У Насти рос живот, а отчим странно улыбался. Мама привела ее к женскому доктору, врач побледнел…
У Насти рос живот, а отчим странно улыбался. Мама привела ее к женскому доктору, врач побледнел…
Насте было пятнадцать, когда мама снова вышла замуж. Олег был приветлив, внимателен, даже чересчур. Мама говорила: «Ты должна радоваться, что у тебя теперь есть отец». Настя кивала. Молчала. А Олег странно смотрел, когда мама уходила в магазин. Принёс как-то шоколадку и сказал: «Ты стала совсем взрослая».
Прошло несколько месяцев. Настя перестала есть нормально — тянуло на кислое, кружилась голова. И живот… рос. Медленно, но заметно. Мама не замечала — всё крутилась вокруг новой жизни: муж, ремонт, фотки на кухне.

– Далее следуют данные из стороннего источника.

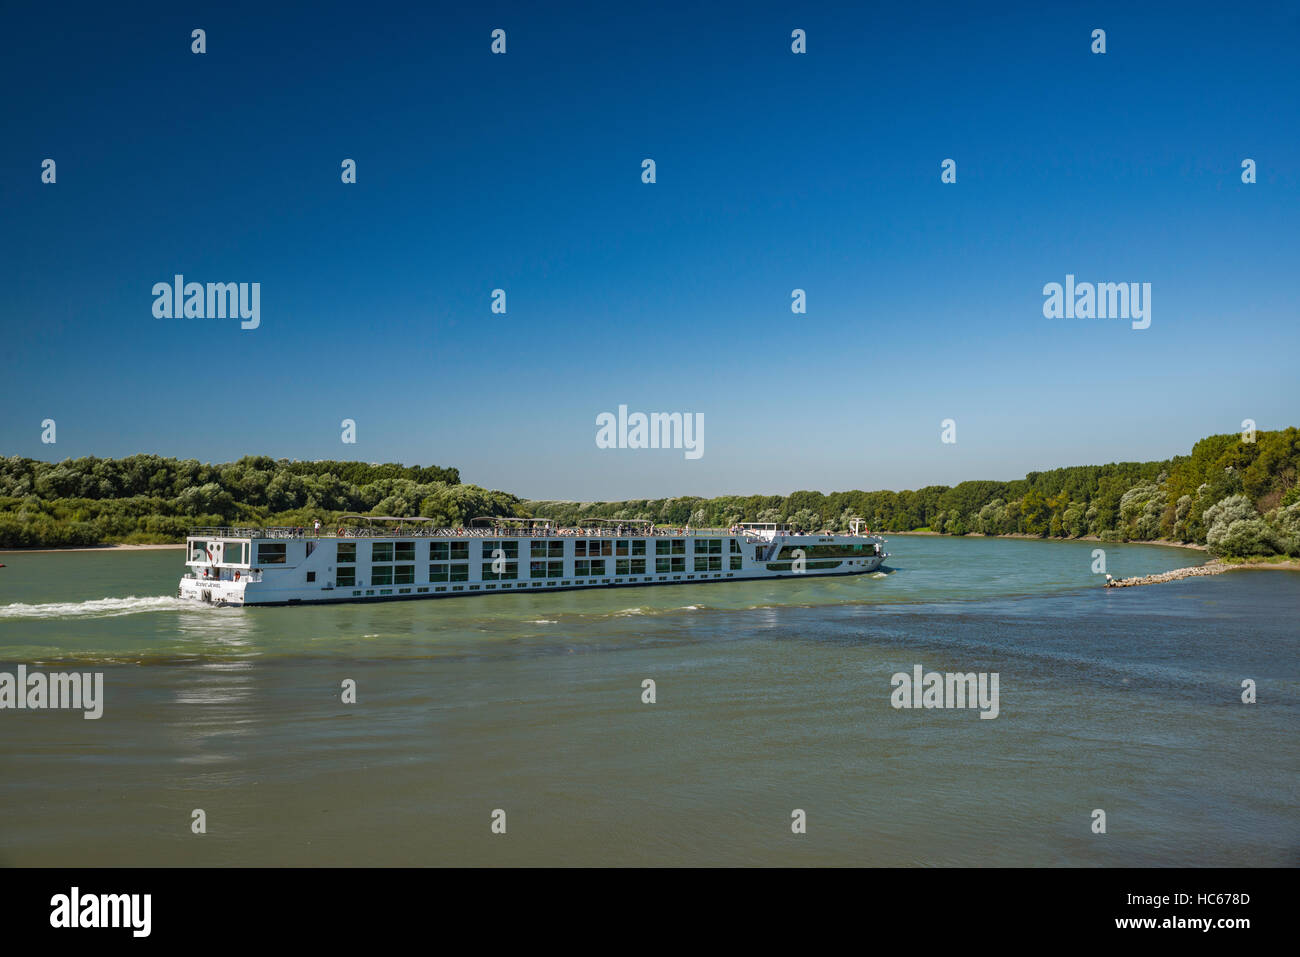 Scenic Jewel river cruise ship, registered in Valletta, Malta, on Danube river, at confluence with Morava, near Stock Photo

Однажды вечером, увидев, как Настя держится за живот и кривится, мама встревожилась:
— Ты заболела?
Настя хотела промолчать. Но… слёзы выступили раньше слов.
Наутро они поехали к гинекологу. Молодая врач, осмотрев Настю, побледнела. Зашла в соседний кабинет, позвала старшего врача.
— Беременность. Месяцев пять.
— Это невозможно! — выкрикнула мама. — Она… она же ребёнок!
— Вам нужно поговорить с ней. Только не кричите.
Настя смотрела в пол. Молчала. Потом едва слышно:
— Он сказал, что это любовь. Что я красивая. И что мама всё равно не поймёт.
Мама осела на стул. На несколько минут — как будто выключилась. А потом встала. И вдруг — взяла Настю за руку. Крепко. По-настоящему.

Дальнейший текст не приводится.